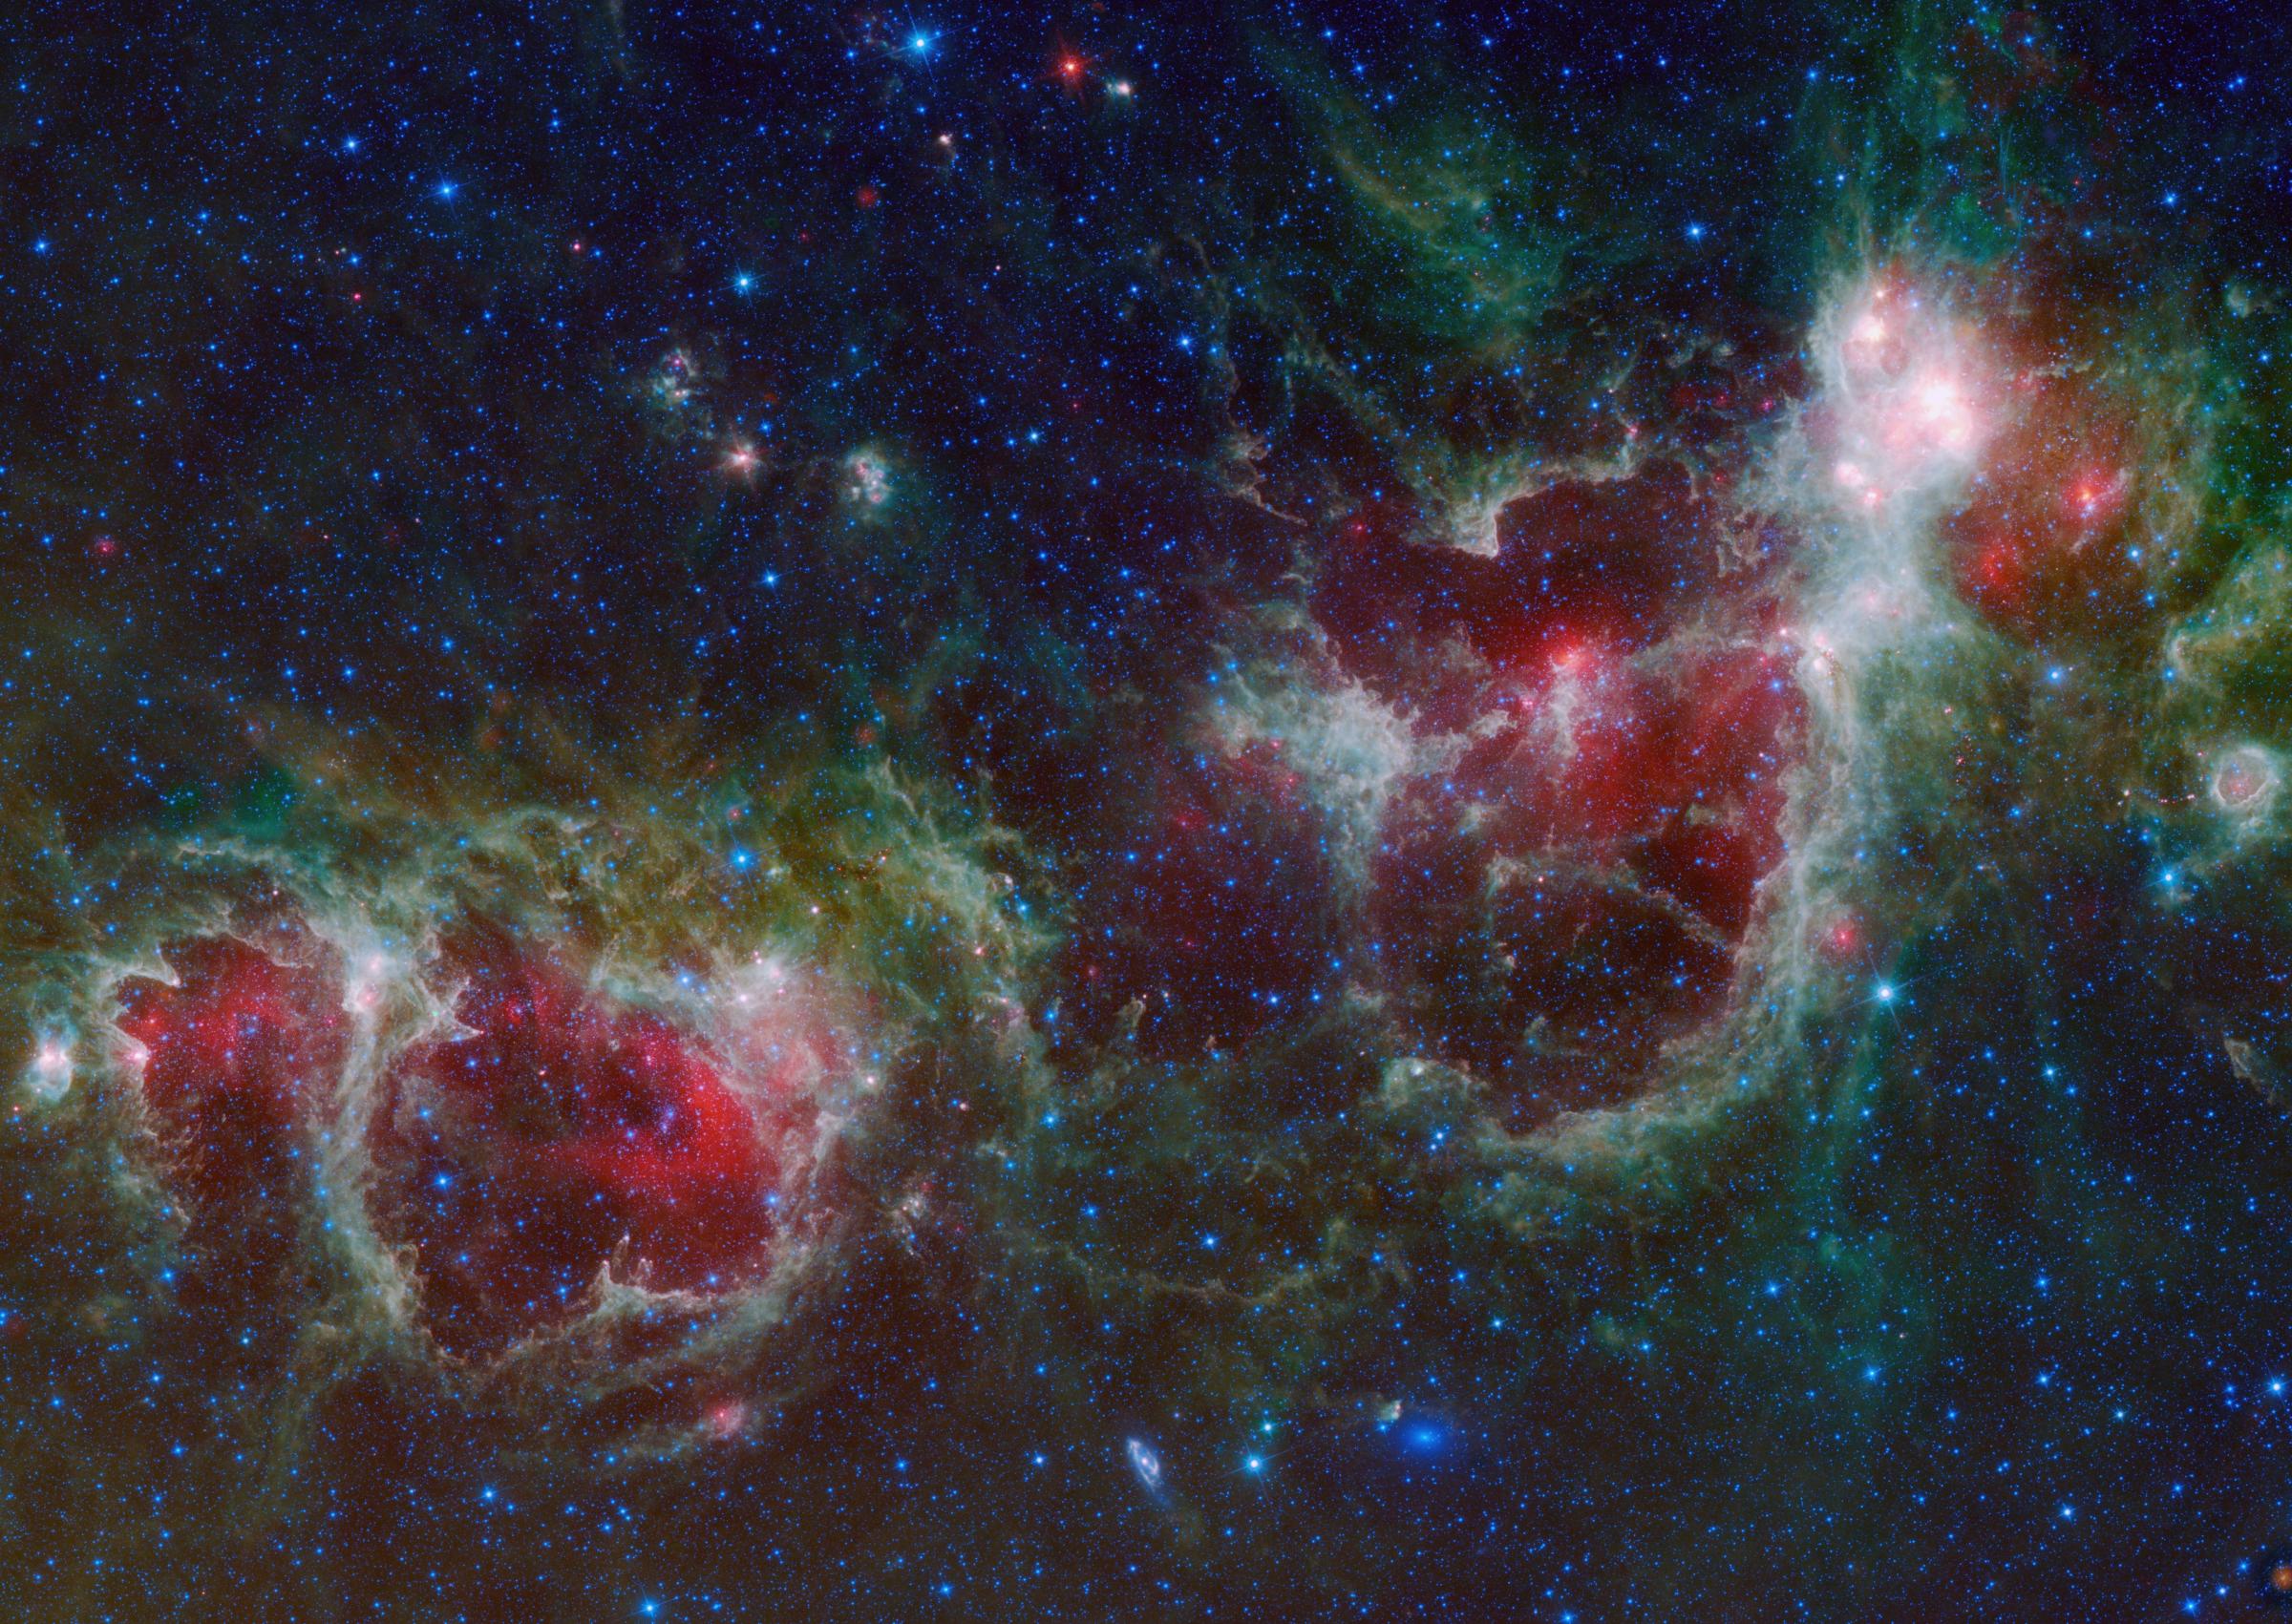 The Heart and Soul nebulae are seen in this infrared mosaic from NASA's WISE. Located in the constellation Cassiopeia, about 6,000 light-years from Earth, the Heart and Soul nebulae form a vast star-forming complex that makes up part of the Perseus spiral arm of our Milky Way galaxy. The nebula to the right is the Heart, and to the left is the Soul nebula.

====

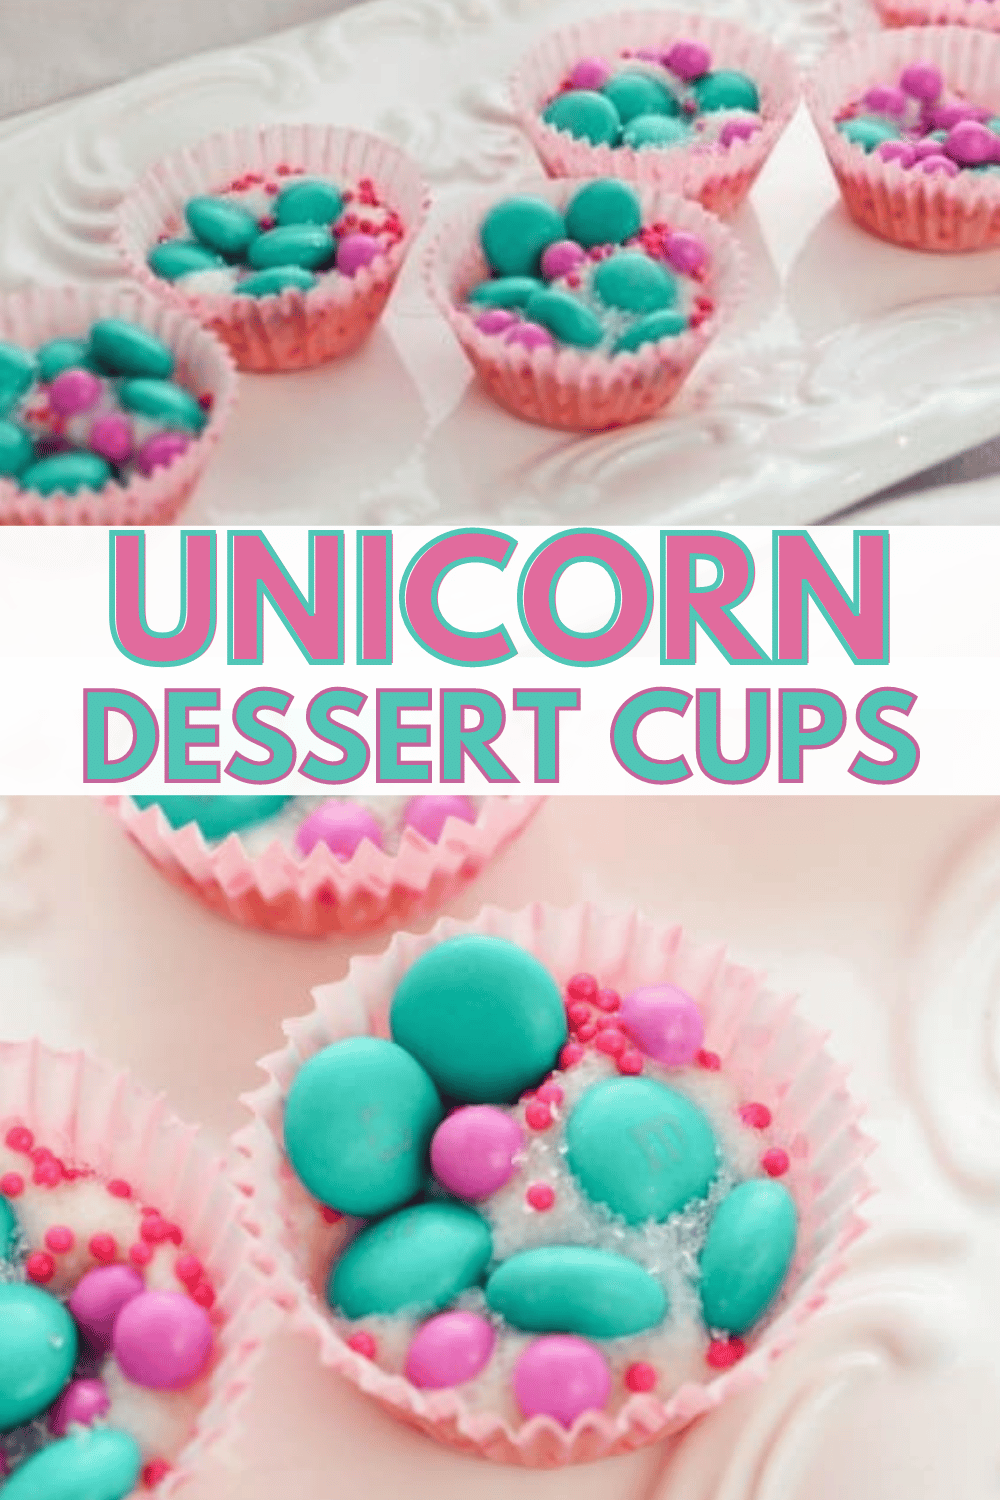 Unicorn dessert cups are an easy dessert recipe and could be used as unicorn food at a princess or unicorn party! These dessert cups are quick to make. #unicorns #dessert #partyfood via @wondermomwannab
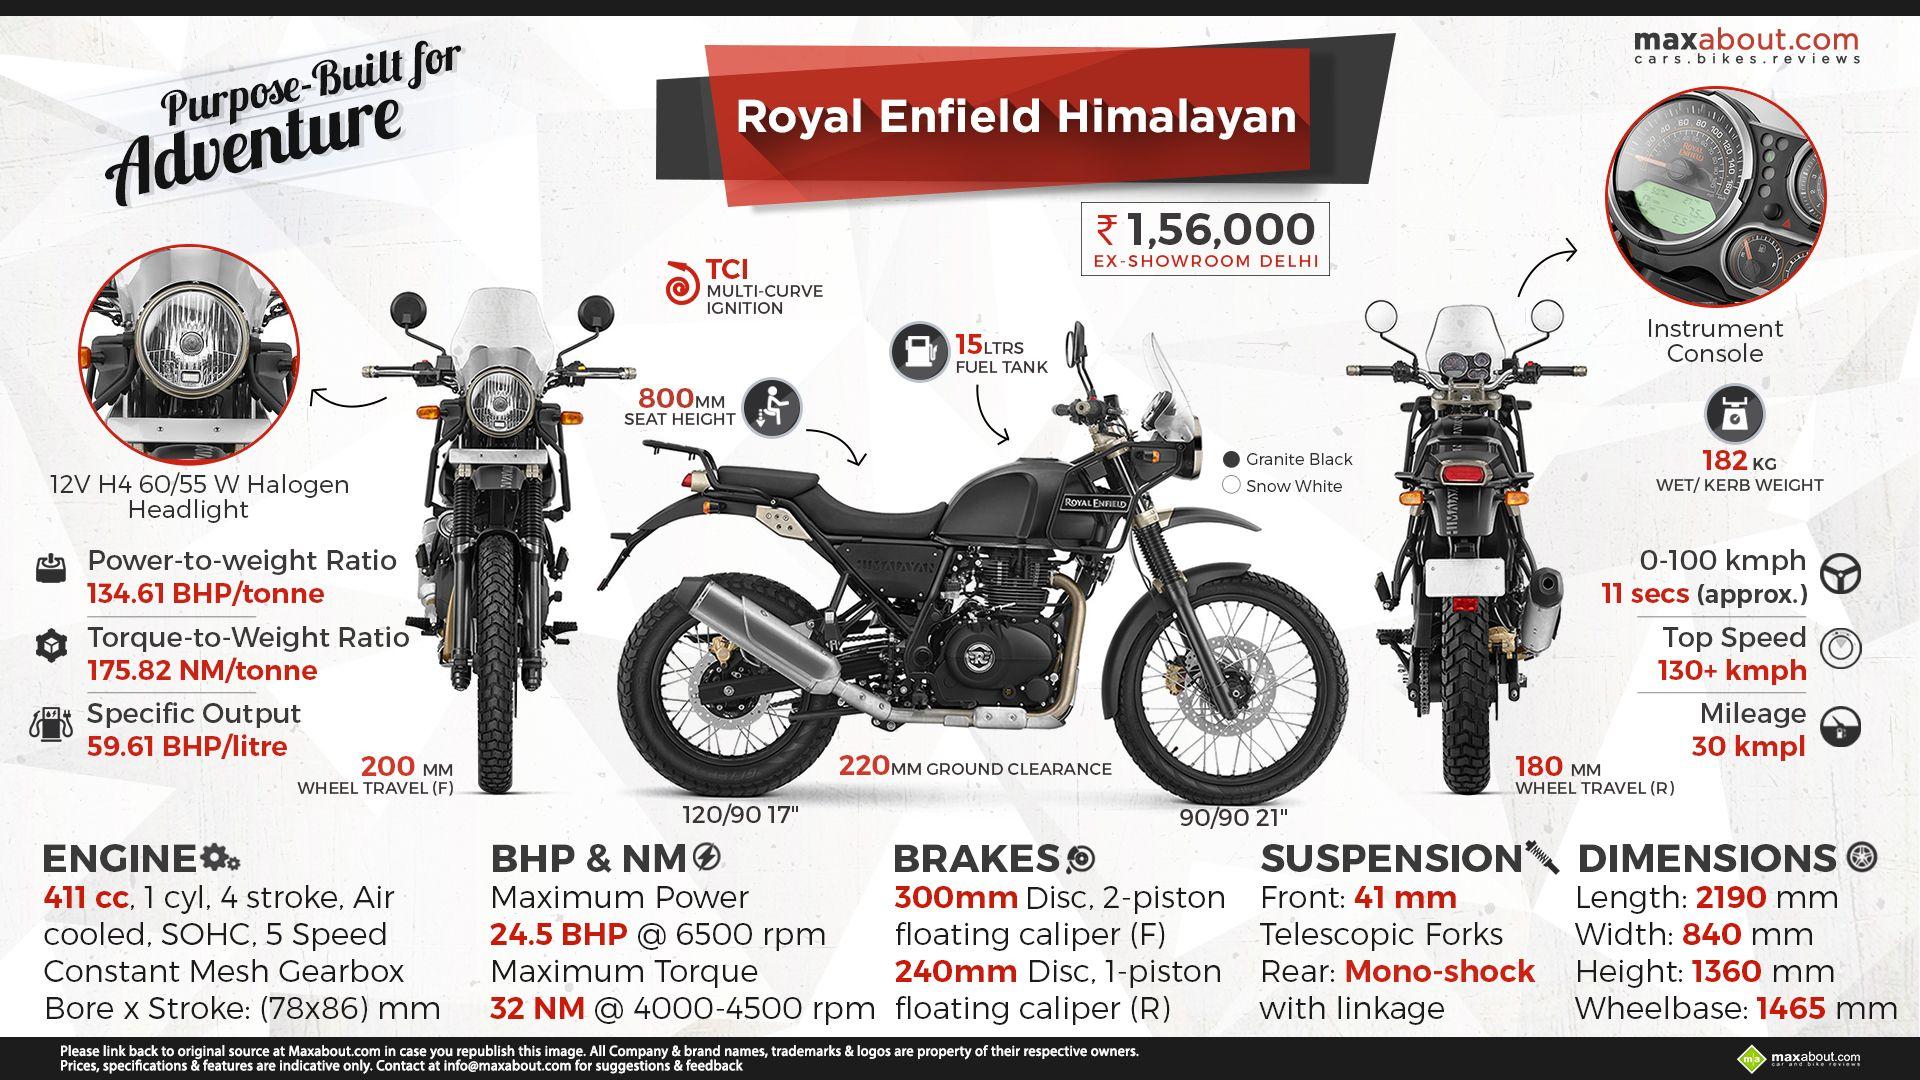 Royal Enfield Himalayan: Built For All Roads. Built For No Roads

====

→ **EXERCISE DETAILS**
Copy the listing above exactly, but only from the line with "Unicorn dessert cups" through the line with "Royal Enfield Himalayan: Built", including those two lines and excluding any picture.

→ **ANSWER TO THIS TASK**
 Unicorn dessert cups are an easy dessert recipe and could be used as unicorn food at a princess or unicorn party! These dessert cups are quick to make. #unicorns #dessert #partyfood via @wondermomwannab
 Royal Enfield Himalayan: Built For All Roads. Built For No Roads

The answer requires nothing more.